Qualify
Snowflake ·This is the second post about some Snowflake features, that I use often and find useful to write a better SQL. You can find the first of the series about aliasing here.
What is it?
Have you ever been in the situation where you want to keep all rows of your query but than filter the result set based on a condition you would get from a subset of it? Let me clarify this with some examples:
- Suppose you are tracking all the interactions with a website and you want to see what happened after a specific action took place: then you would want to keep all events for those customers that have a specific event in their event stream.
- Suppose you sell multiple products per customers and you want to see all the purchase history of the customers that have a very specific product as last purchase.

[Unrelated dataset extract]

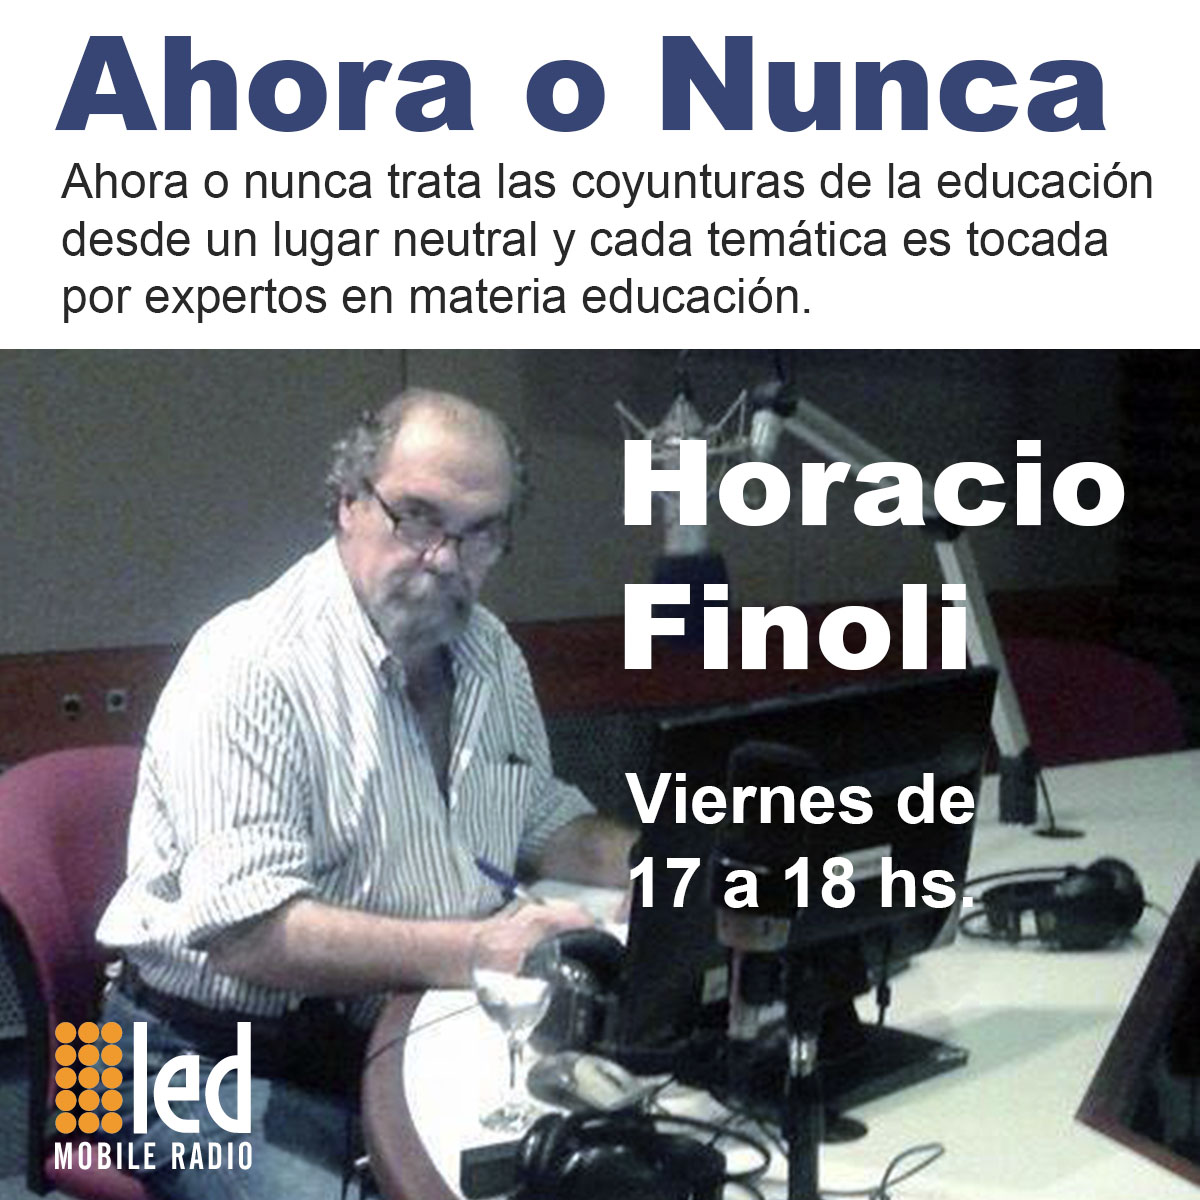 #Podcast Ahora o Nunca | 06.07: Entrevista a Carlos Greco, rector Universidad Nacional de San Martín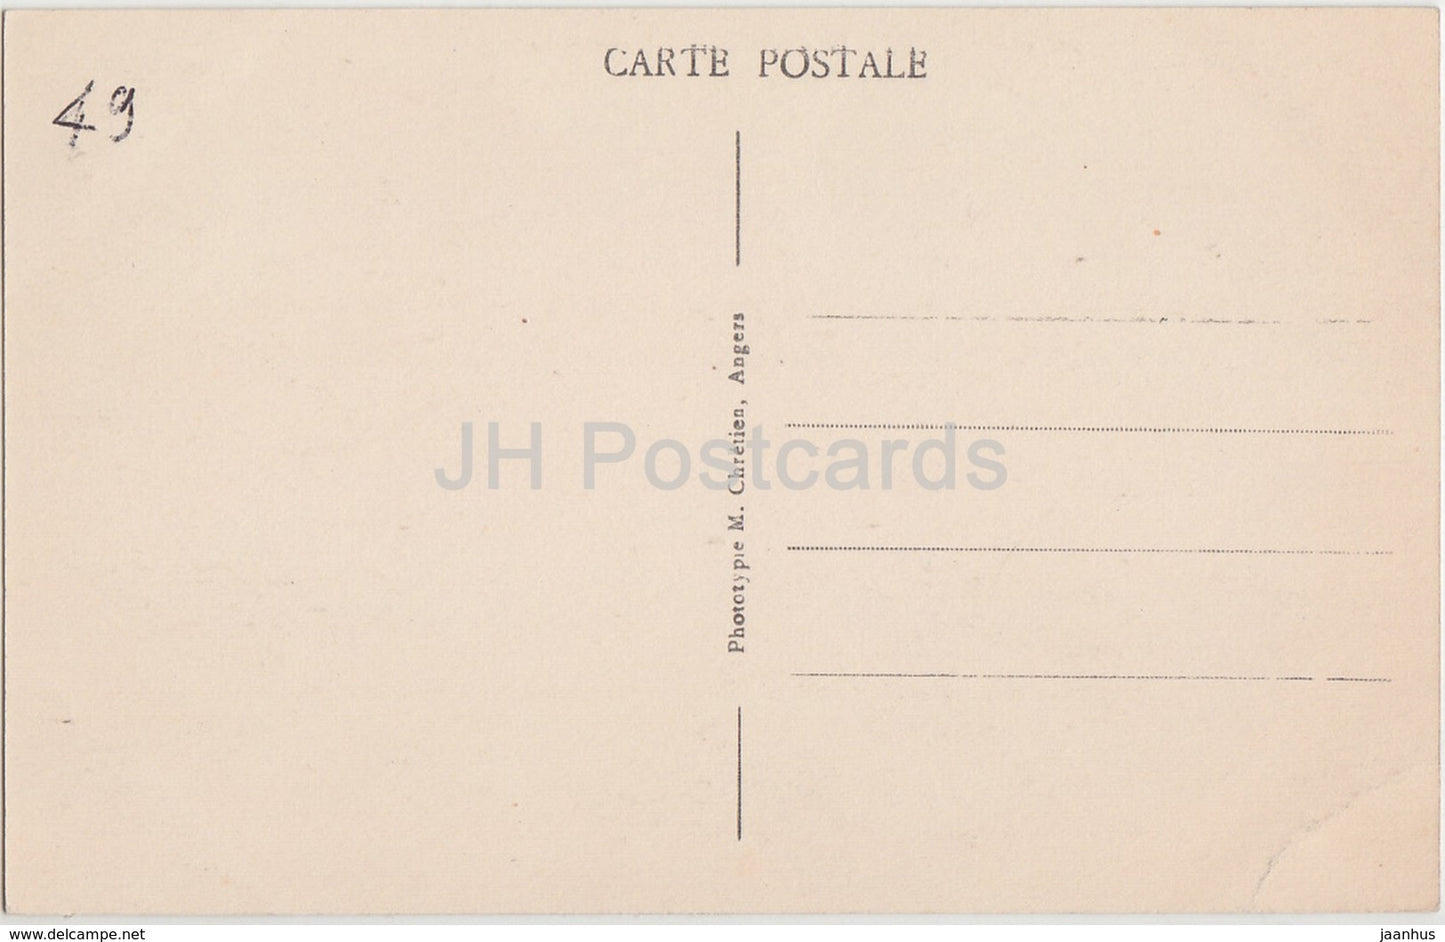 Angers - Le Château féodal moderniser - par se douves fleuries - château - 20 - carte postale ancienne - France - inutilisé

Let’s stick with this second example. In that case you would have a table looking like this, let’s call it purchases
:
customer_id | product | purchased_date (YYYY-MM-DD) |
---|---|---|
1 | A | 2020-04-01 |
1 | B | 2020-05-03 |
2 | A | 2020-03-01 |
3 | B | 2020-04-01 |
So customer 1 and 3 last purchase was product B, and customer 2 last purchase was product A. Now suppose you want to filter in your data only the customers that purchased B as last product, for an analysis you’re doing.
What you would do, without using the qualify statement, would be something like this:
with product_purchased_order as (
select
customer_id
, product
, row_number() over (partition by customer_id
order by purchased_date desc) as n_last_order_nr
from purchases
)
select customer_id
from product_purchased_order
where n_last_order_nr = 1 and product ='B'
You see that I have to use at least two queries: first the window statement and the where clause to filter the results I want. There are many other way to get to the same result, but let’s see how to simplify the query.
The qualify
expression allows to rewrite the statement above to read nicely and in one single query. Here you go:
select
customer_id
, product
, last_value( product ) over (partition by customer_id
order by purchased_date) as last_product_purchased
from purchases
qualify last_product_purchased = 'B'
Note the benefits of using this second option:
- I can write only one query
- I can keep in the same query all the fields in the base table: in this case all the purchase history, even though I am just keeping the customer that have bought B as last product – I can still see all the products they purchased.
When analysing something, you often want to filter by a condition on a partition, but keep all the records at a lower granularity – that is where the qualify
come in handy. Note also how using the alias in the query above made the statement more clear.
Where does the qualify clause this fit?
From the Snowflake general query syntax reference you get this general outline:
[ WITH ... ]
SELECT
[ TOP <n> ]
...
[ FROM ...
[ AT | BEFORE ... ]
[ CHANGES ... ]
[ CONNECT BY ... ]
[ JOIN ... ]
[ MATCH_RECOGNIZE ... ]
[ PIVOT | UNPIVOT ... ]
[ VALUES ... ]
[ SAMPLE ... ] ]
[ WHERE ... ]
[ GROUP BY ...
[ HAVING ... ] ]
[ QUALIFY ... ]
[ ORDER BY ... ]
[ LIMIT ... ]
So, the qualify
sit in the query order right after the having
(if present) but before the order by
and the limit
clauses.
It’s also possible to not include the window function you are filtering by in the select list, which is good in case you don’t want to show the value you are filtering on, for example in the previous query something like:
select
customer_id
, product
from purchases
qualify last_value( product ) over (partition by customer_id
order by purchased_date) = 'B'
Which could be good if the additional field is redundant or used just for filtering.
That’s it for today! Hope you’ll start getting rid of some extra CTEs / sub-queries, thanks to the qualify
or, why not, have better time writing the logic to get some fancy slice of your data, based on whatever complex condition.
Have you used the qualify
statement? What are the pros and cons about it? Any warnings that you want to share? Let me know!